WHAT TO DO: Write out the listing from the line with "Audi plataformas" to the line with "Pack électro Samsung Tunisie", both lines included, exactly and nothing beyond. Leave pictures out.

---------- DATA IN THIS EXERCISE ----------

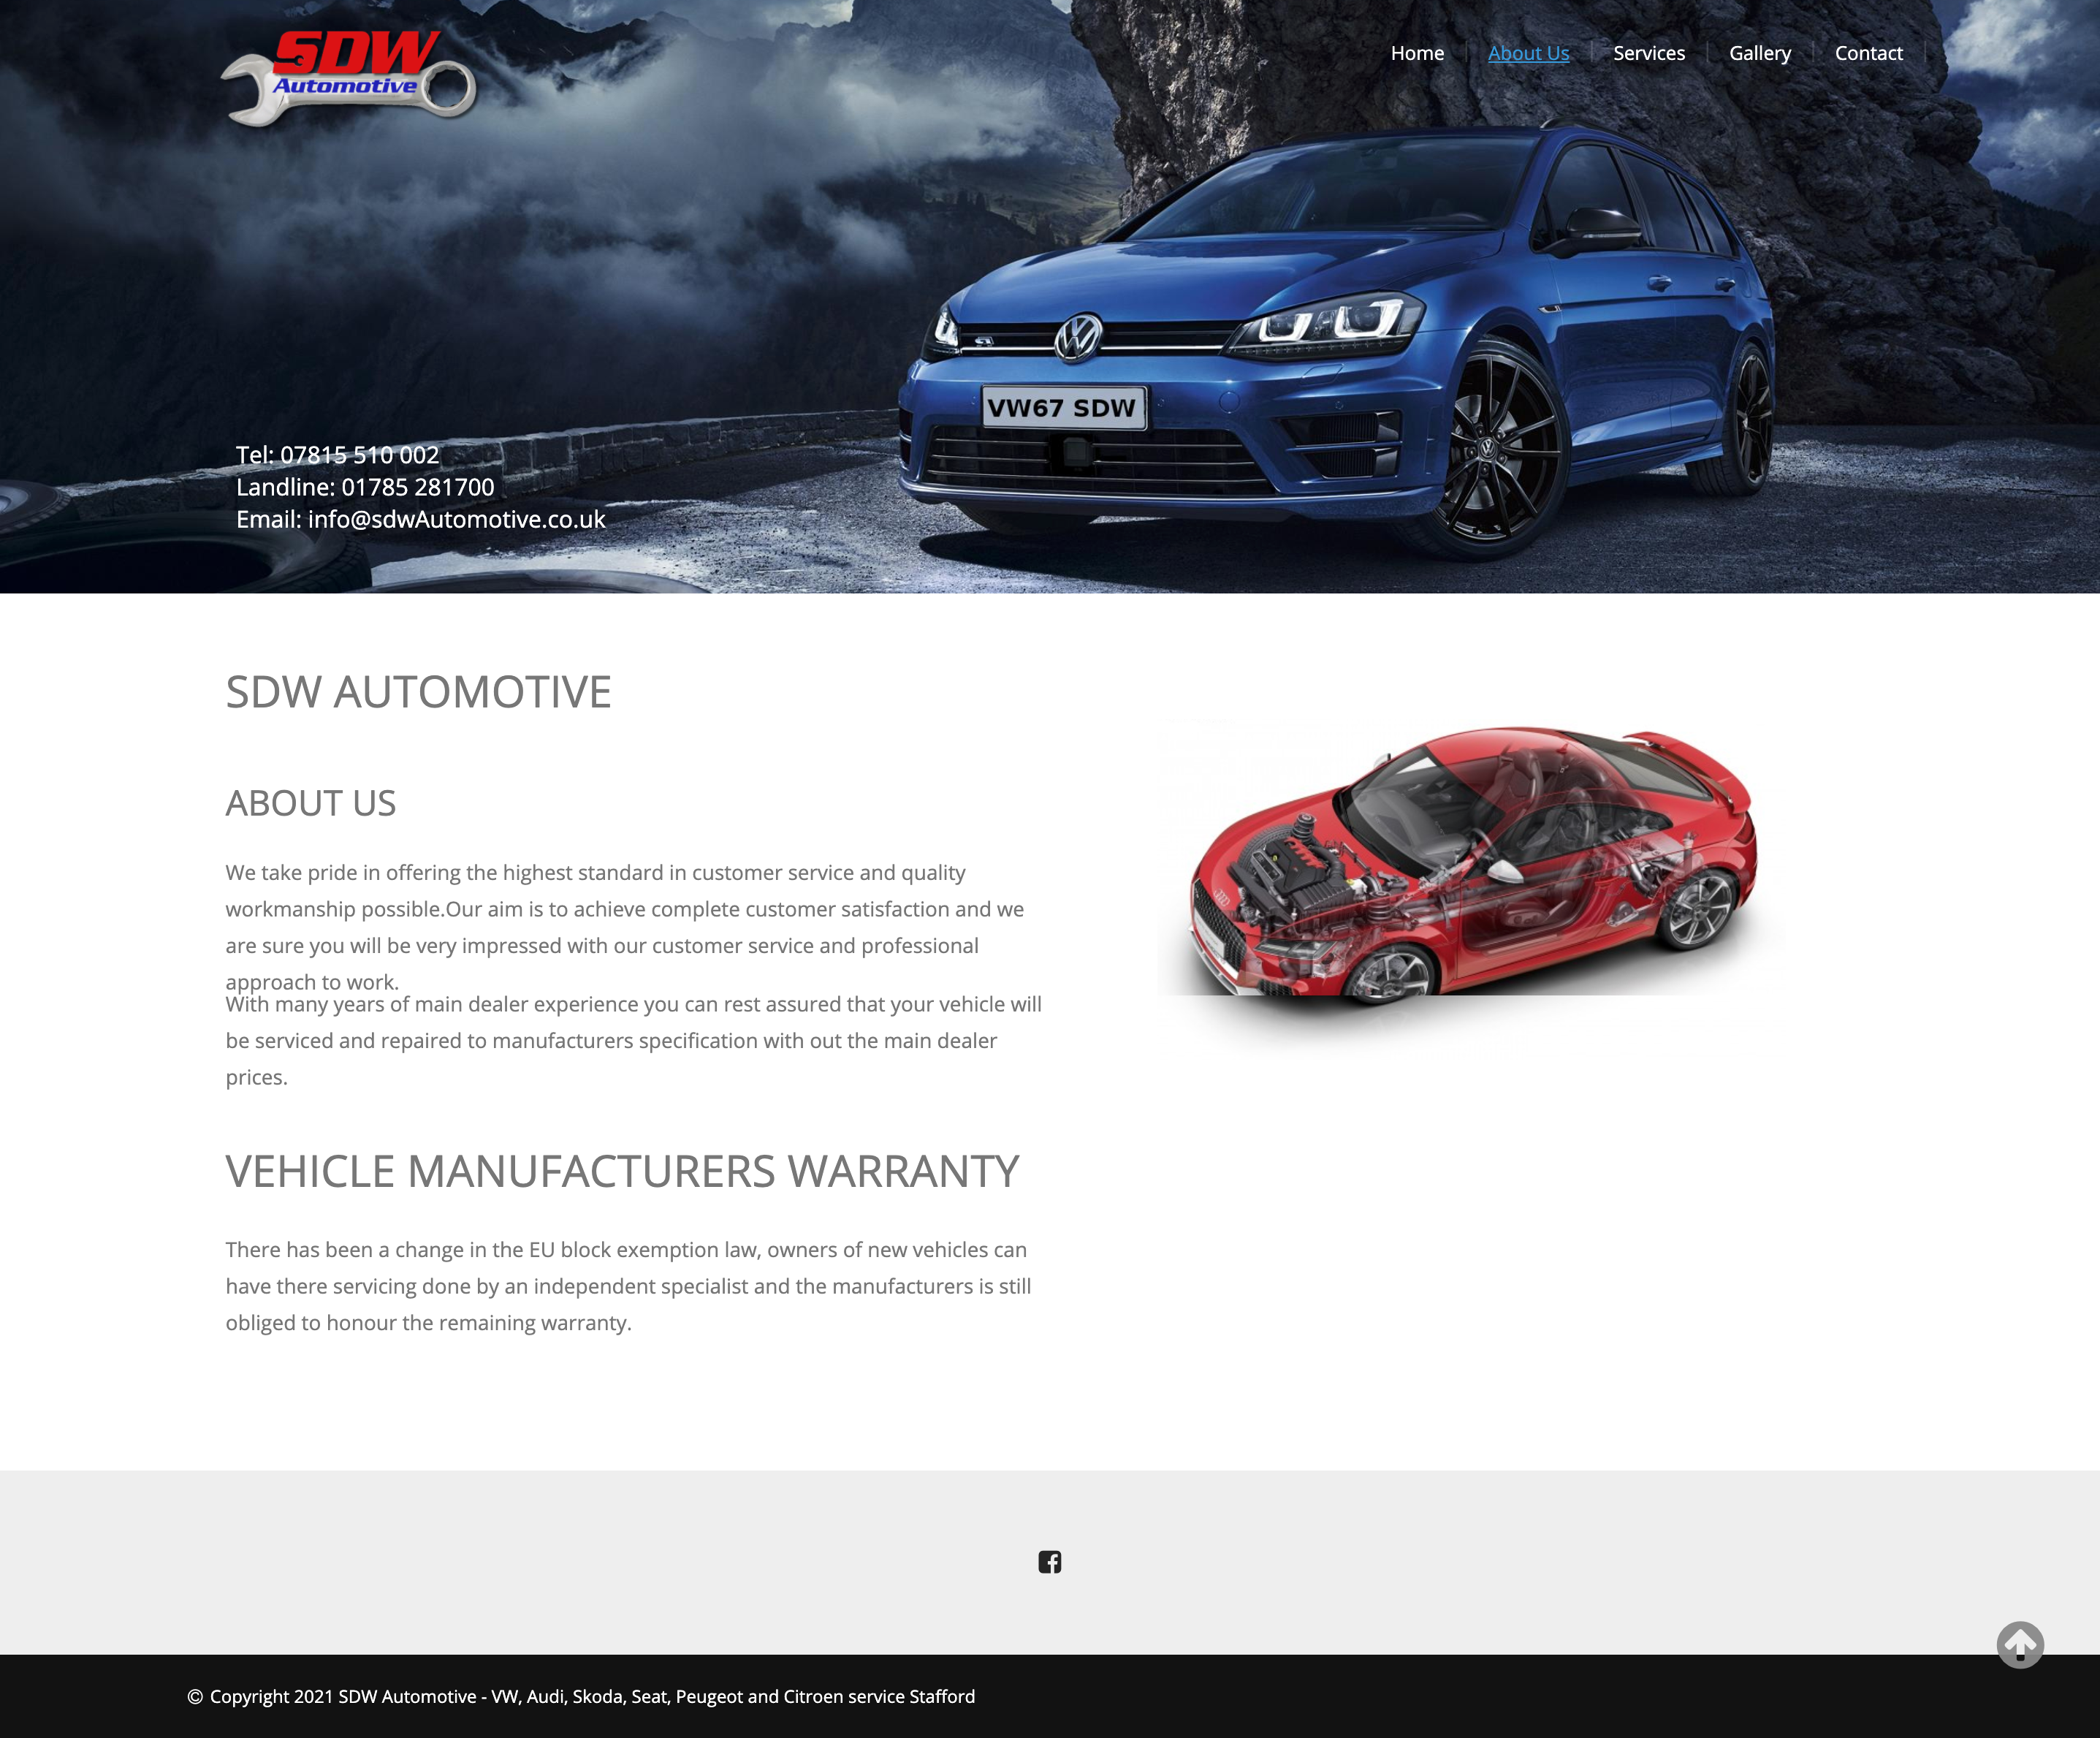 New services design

----------
---------- DATA IN THIS EXERCISE ----------

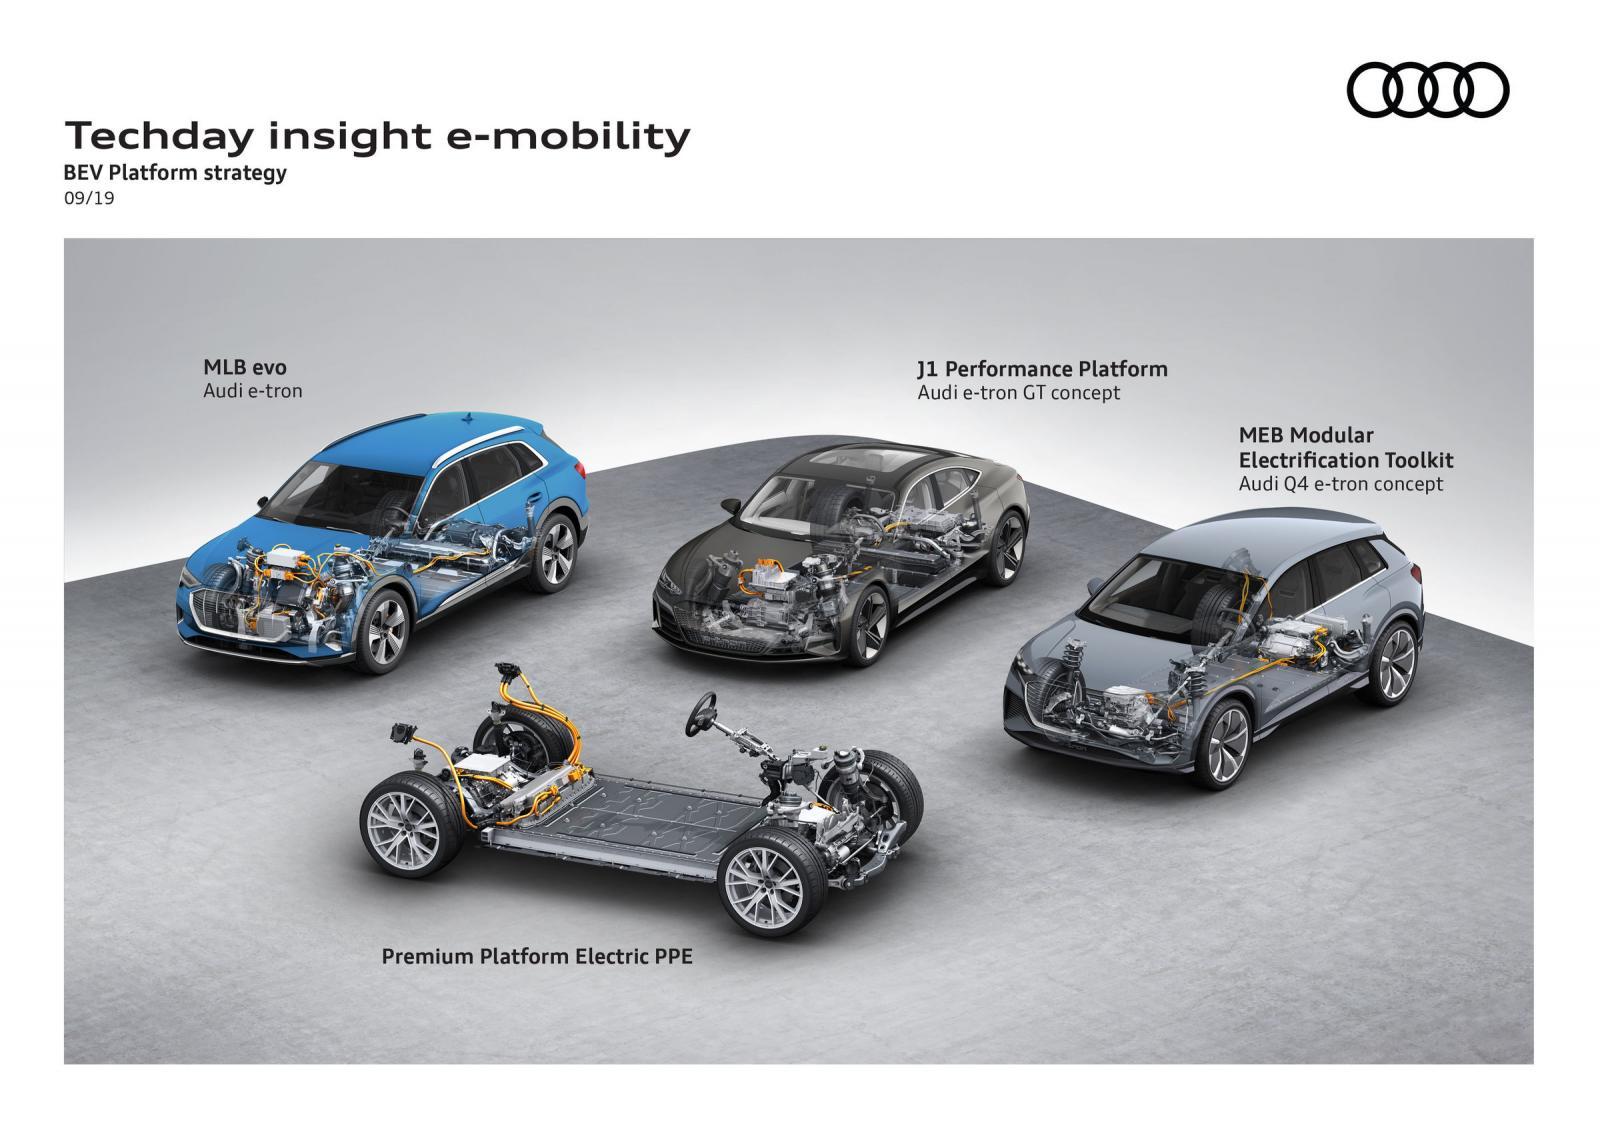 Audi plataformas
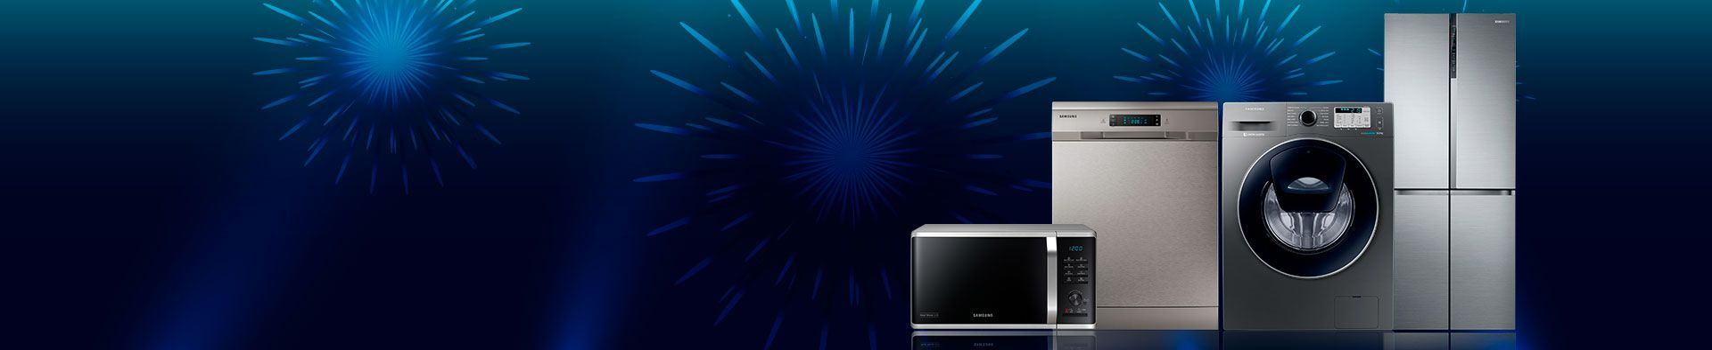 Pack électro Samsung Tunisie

----------
---------- DATA IN THIS EXERCISE ----------

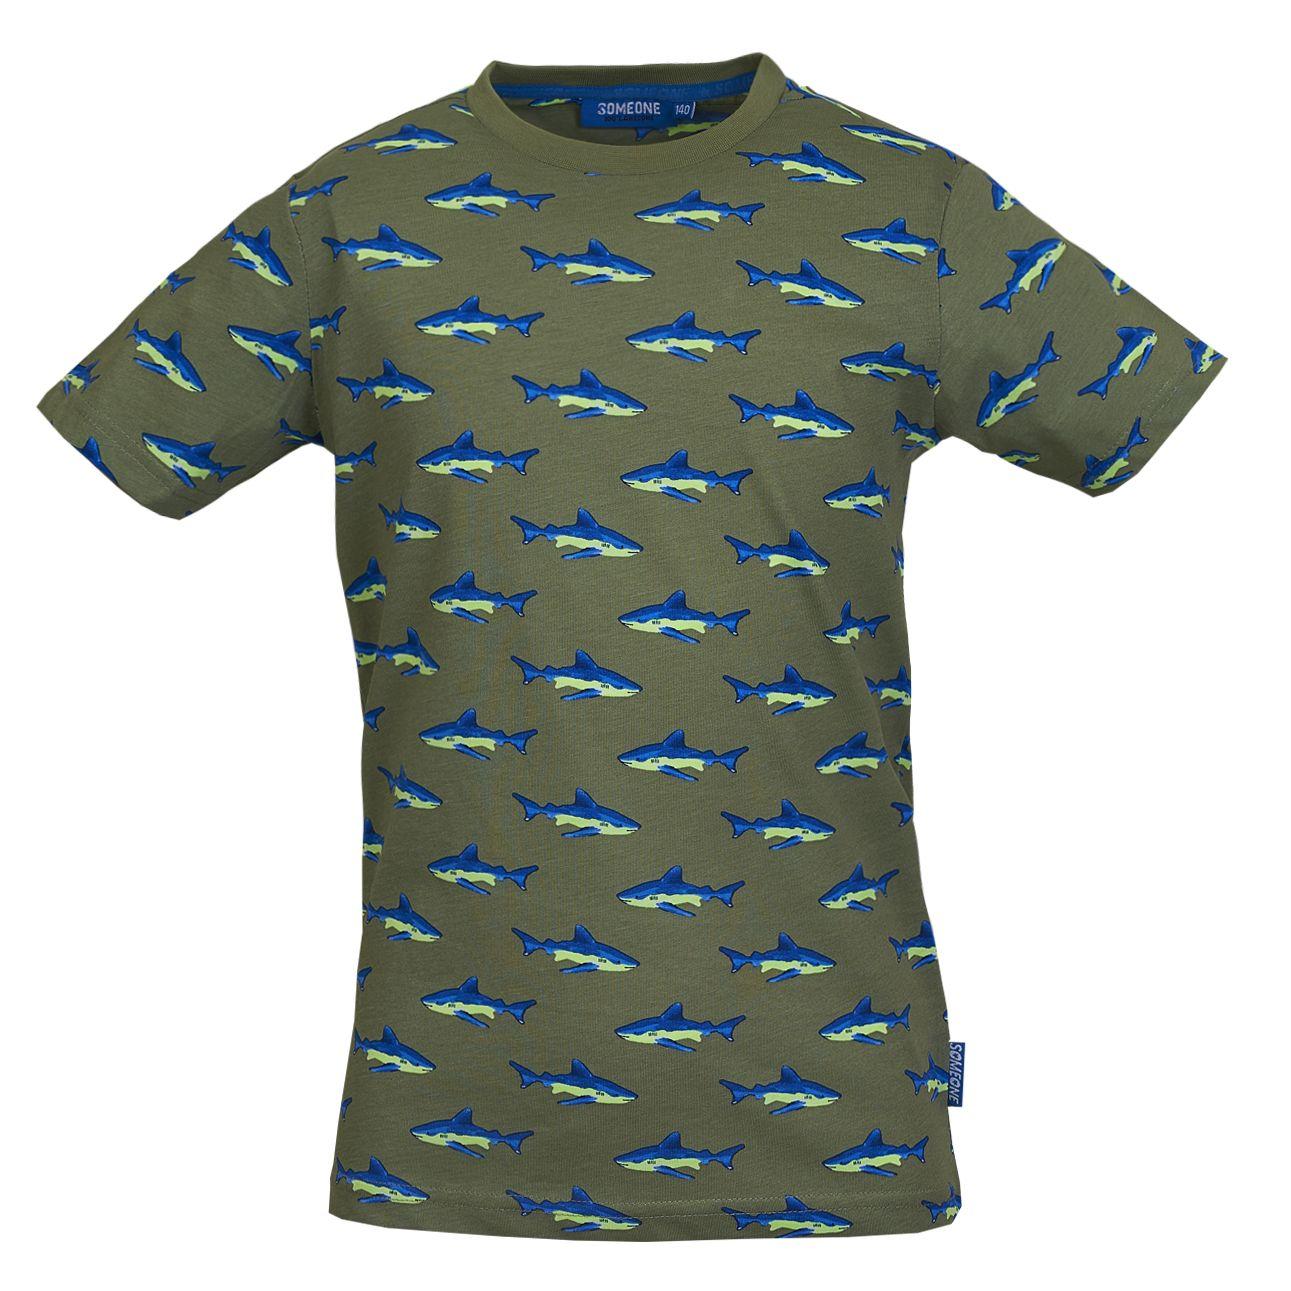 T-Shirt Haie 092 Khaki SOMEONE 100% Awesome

----------

EXERCISE RESPONSE:
 Audi plataformas
 Pack électro Samsung Tunisie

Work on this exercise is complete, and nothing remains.